The practical implication of multiple mechanisms is that ACE inhibition assays, while useful for screening, may not predict clinical efficacy. A peptide with moderate ACE-inhibitory activity in vitro might produce substantial blood pressure effects in vivo if it also modulates the gut microbiome, acts as an antioxidant, or influences other vasoactive pathways. Conversely, a potent ACE inhibitor in the test tube might have no clinical effect if it is degraded before reaching the circulation. This disconnect between in vitro potency and clinical efficacy has been the central frustration of the field for two decades.

Industrial Applications and Waste Valorization

Damen et al. (2026) demonstrated that dairy white wastewater, a byproduct of industrial cleaning processes that is normally discarded, contains residual milk proteins that can be hydrolyzed into antihypertensive, antidiabetic, and antioxidant peptides. Using four different enzymes (pepsin, trypsin, thermolysin, and pronase E), they found the wastewater hydrolysates produced ACE-inhibitory and DPP-IV-inhibitory peptides comparable to those from pure milk protein.[11]

This finding has practical implications. The dairy industry generates enormous volumes of wastewater, and converting it into a source of bioactive peptides would add value to what is currently a disposal cost. The peptides identified in wastewater hydrolysates are the same sequences found in conventional milk hydrolysates, confirming that the protein composition of the wastewater is sufficient for bioactive peptide production.

The convergence of AI-driven enzyme optimization, waste stream valorization, and microbiome research is reshaping the field. Traditional dairy peptide research focused narrowly on ACE inhibition and blood pressure. The current trajectory is toward multifunctional peptide products: hydrolysates that simultaneously provide ACE-inhibitory, DPP-IV-inhibitory (relevant to blood sugar regulation), antioxidant, and prebiotic effects. Whether these multifunctional profiles translate into measurable health outcomes in humans remains to be tested, but the reductive approach of studying single peptides against single targets has yielded diminishing returns. The Li et al. RCT, which found microbiome changes alongside blood pressure reduction, points toward a more integrative model of how food-derived peptides influence health.

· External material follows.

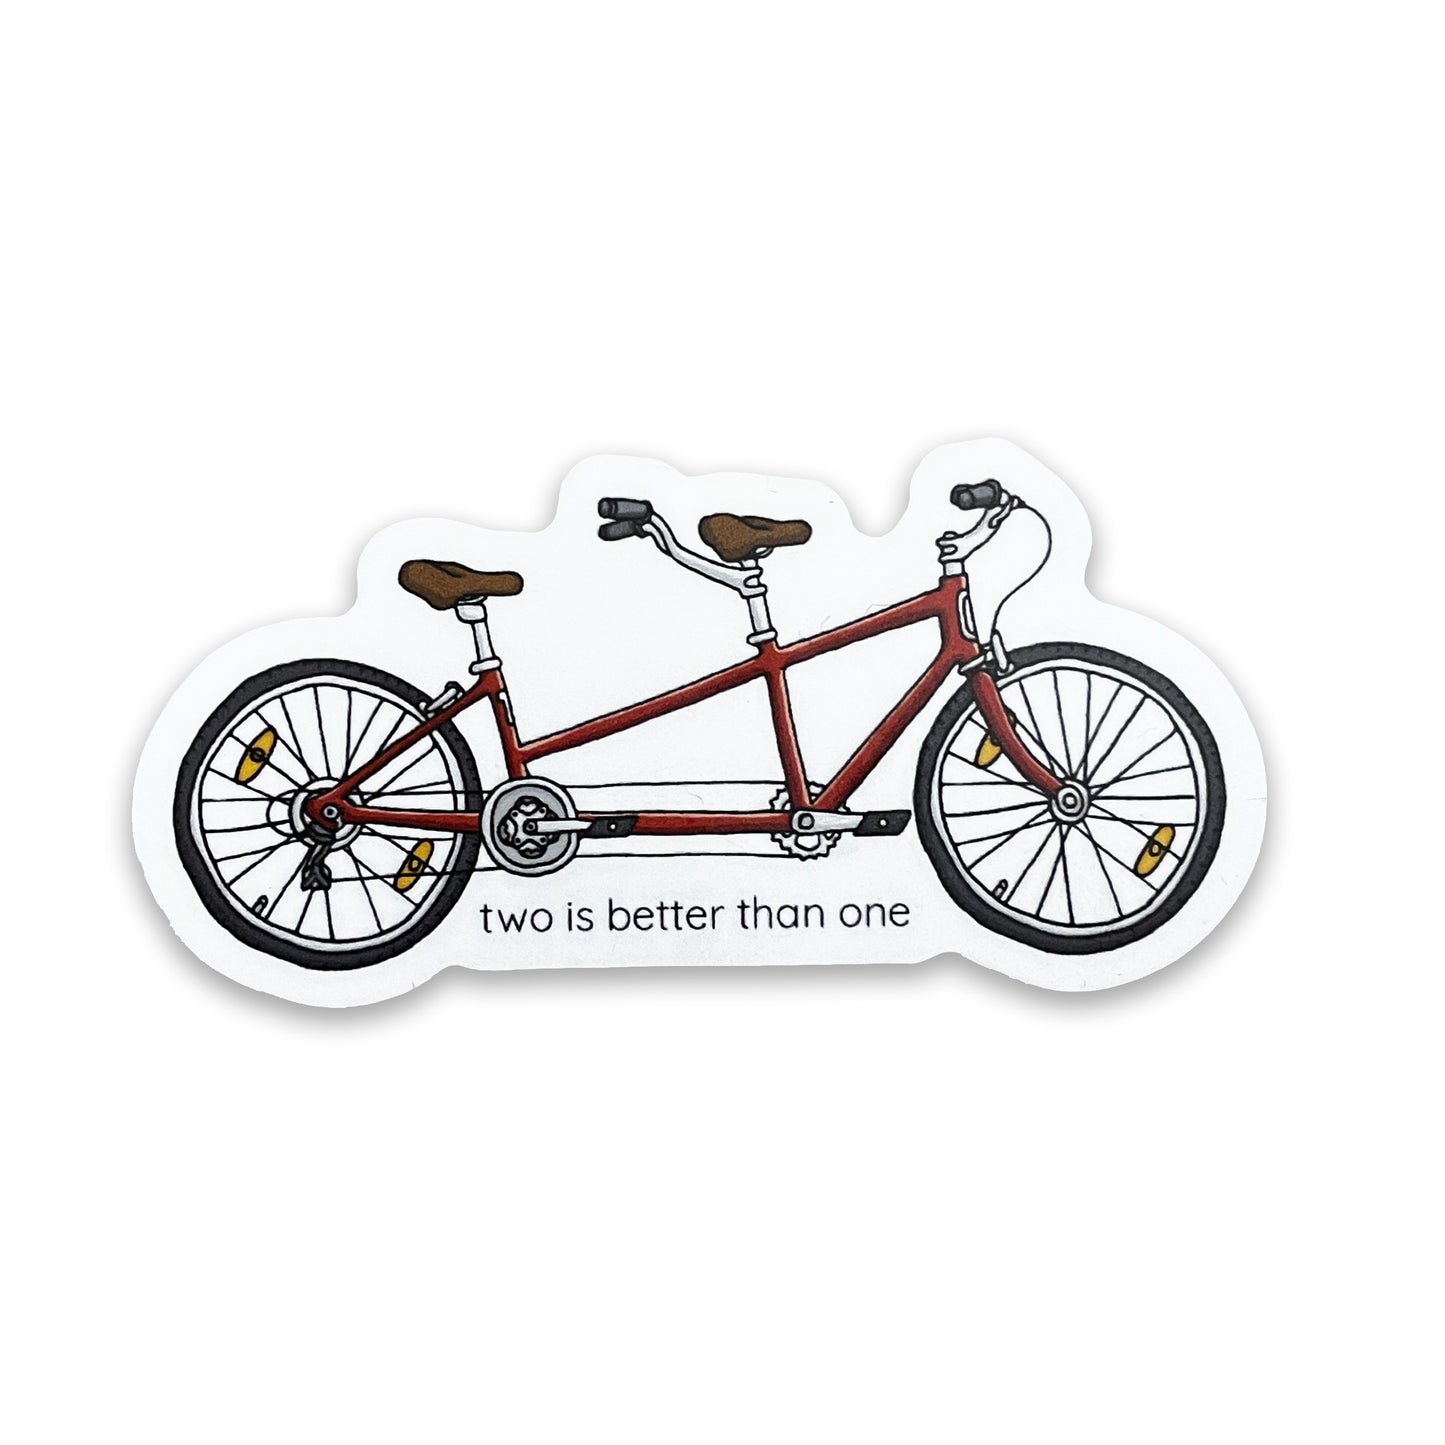 Red tandem bike sticker with punny saying, two is better than one on the front. Durable enough for cyclist, mountain biker, gravel bike, zwift, peleton. Vinyl sticker for hydroflask, nalgene, yeti, laptop, window

Fermented food peptides from kimchi, kefir, and similar products represent another route to the same endpoint: microbial proteases during fermentation release ACE-inhibitory peptides from whatever protein substrate is present. Similarly, fish-derived collagen peptides contain distinct ACE-inhibitory sequences from marine protein sources, broadening the landscape of food-derived antihypertensives beyond terrestrial dairy.

The Bottom Line

Dairy proteins are the most extensively studied source of food-derived ACE-inhibitory peptides. Both casein and whey yield distinct antihypertensive peptide profiles through enzymatic hydrolysis, fermentation, or normal digestion. A 2025 human RCT showed a 10.3 mmHg systolic reduction with specific casein peptides, though earlier meta-analyses of lactotripeptide trials suggest more modest effects (1.7-4.0 mmHg). The mechanism likely involves more than direct ACE inhibition, including gut microbiome modulation and antioxidant effects. Deep learning is accelerating the discovery and optimization of dairy-derived bioactive peptides, while waste valorization research is extending the source base beyond traditional milk products.